The call for comments on the Net Neutrality policy up for debate is open and has received almost 350,000 comments in the two weeks since it opened on April 26th, 2017. Here’s my response:

FCC 17–108, “Restoring Internet Freedom,” is a draft proposal put forward with two principal tenants that are unsupportable. The first unsupportable tenant is that the previous billl, FCC 15–24 “Protecting and Promoting the Open Internet,” has had a negative impact on “the healthy and competitive development of the enhanced-services industry.” The second unsupported claim is that the examples given in FCC 15–24 do not represent sufficient evidence to justify that it passed in 2015.

1) Did FCC 15–24 “Protecting and Promoting the Open Internet” have a negative impact on the market?

The authors of FCC 17–108 claim that FCC 15–24 is disrupting the market by discouraging broadband investment rates of large companies. That claim is based on a blog post from March 1st, 2017 by Hal Singer, a professor of economics.

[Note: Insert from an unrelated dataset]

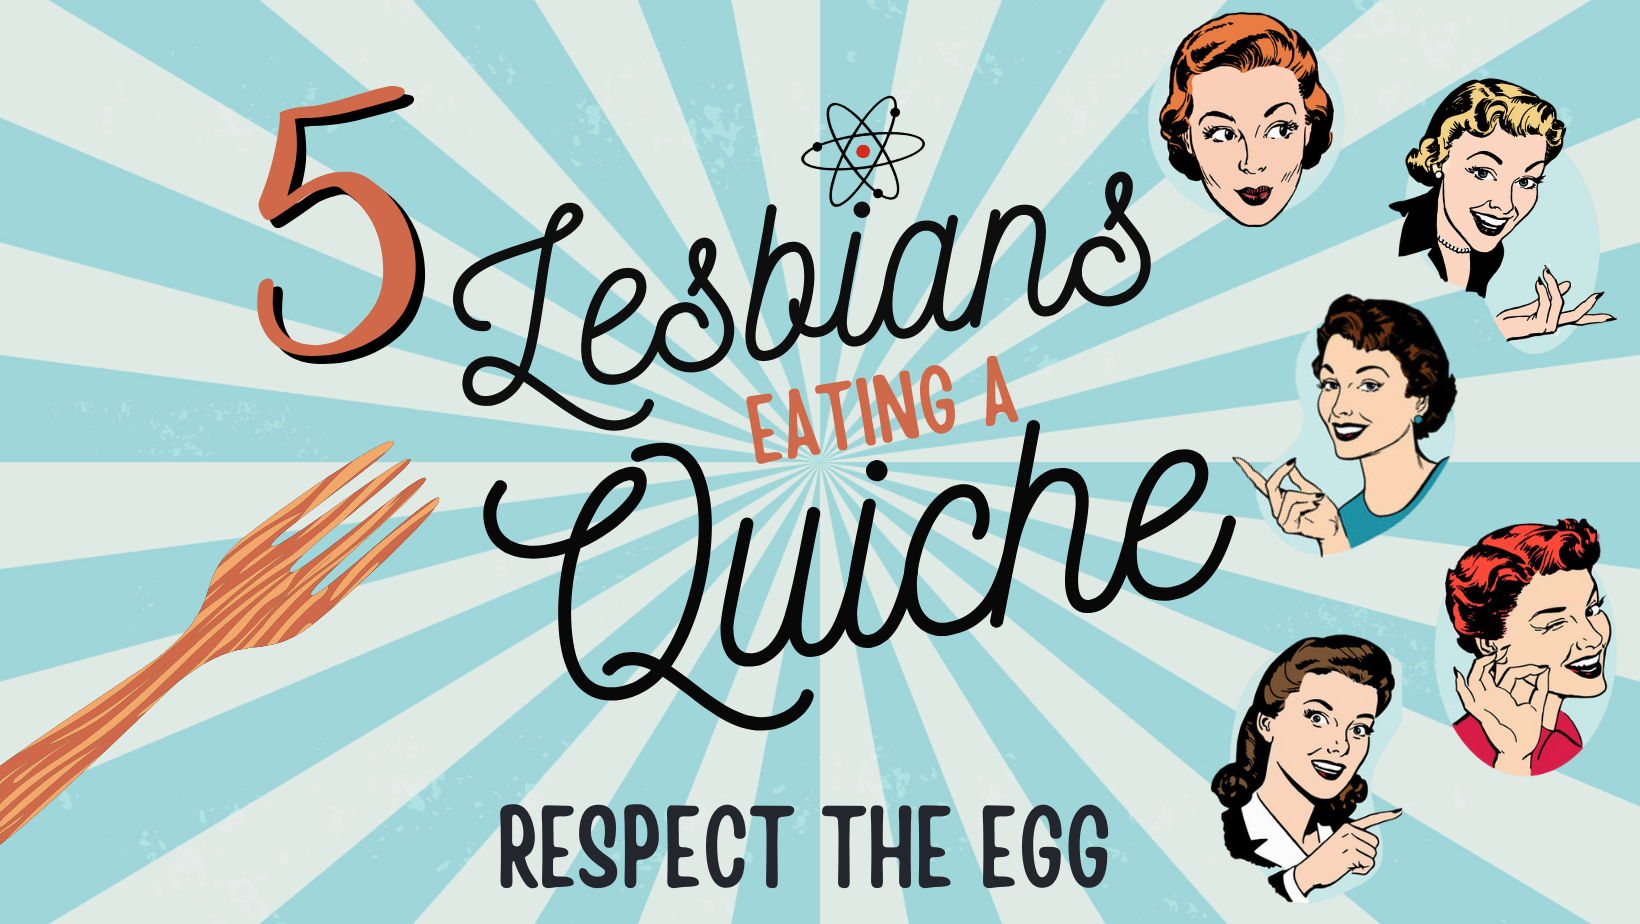 Poster for 5 Lesbians Eating a Quiche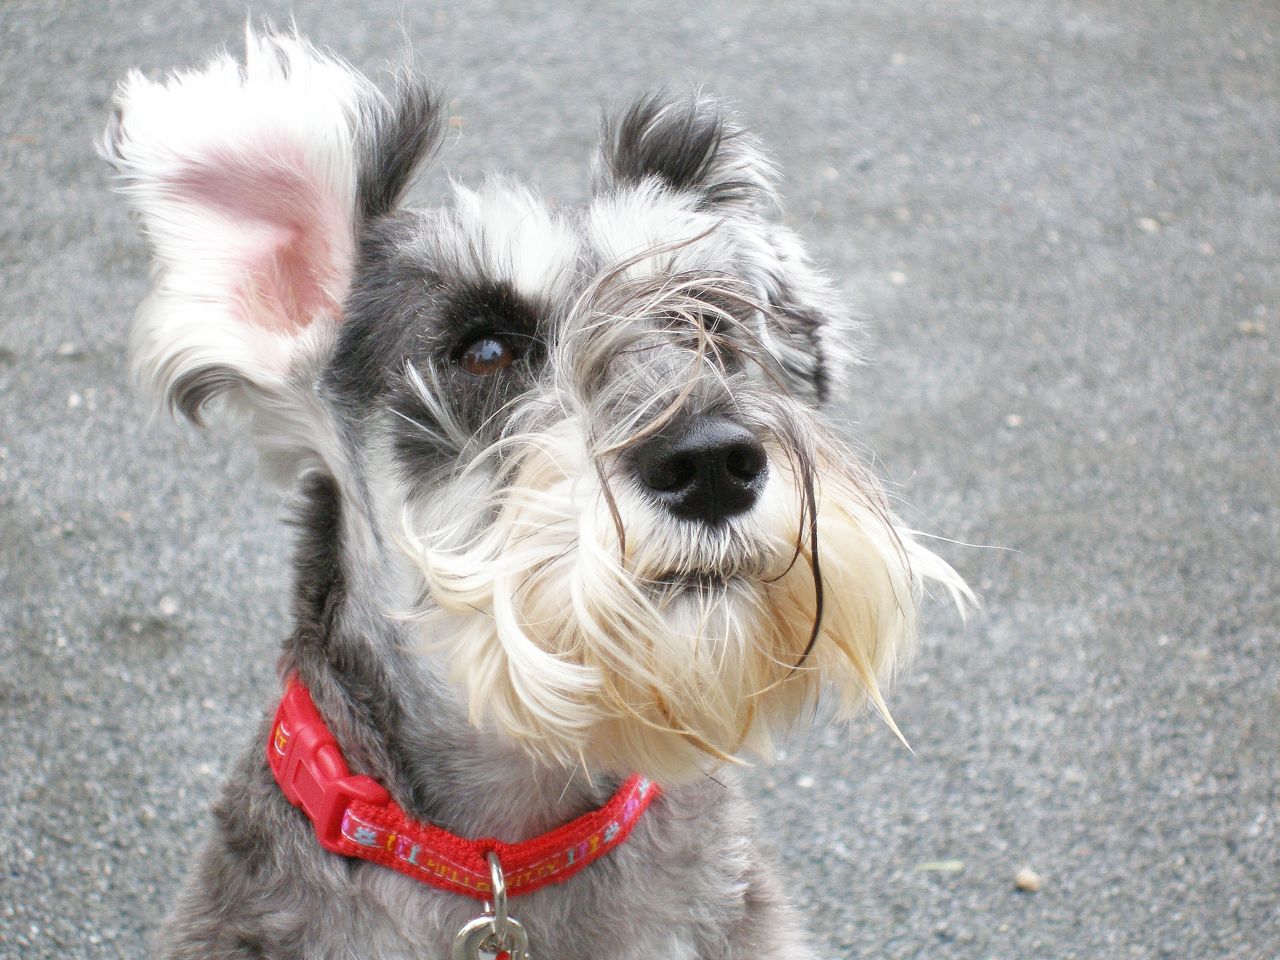 a small gray dog with a red collar is looking off to the side

This post, a screenshot of a chart with footnotes, concludes investment has decreased by 5.6% in the two years after FCC 15–24 was enacted. This is based on a survey of the 12 largest telecom companies in the country. The lion’s share of the drop in investment came from two companies, AT&T and Sprint. Besides AT&T and Sprint, investment actually grew by around 2%. The claim of market disruption is not convincingly supported by this thin evidence.

2) In section 50 of FCC 17–108, the authors ask, “Do these isolated examples [from 15–24] justify the regulatory shift that Title II reclassification entailed?”

I’m sure the authors of FCC 15–24 would emphatically say “Yes.” Footnote 123 of FCC 15–24 references verbal testimony “describing the situation where Comcast exempted its own online video service from data caps when streamed to an Xbox.” The authors of FCC 17–108 should address the specifics of these examples rather than dismissing them without analysis.

It’s inprobable that anyone will be able to mount substantive defense of the claims made in “Restoring Internet Freedom.” I urge the FCC to end discussion on the possibility that FCC 17–108 will be adopted in the very near term and with a resounding “No.”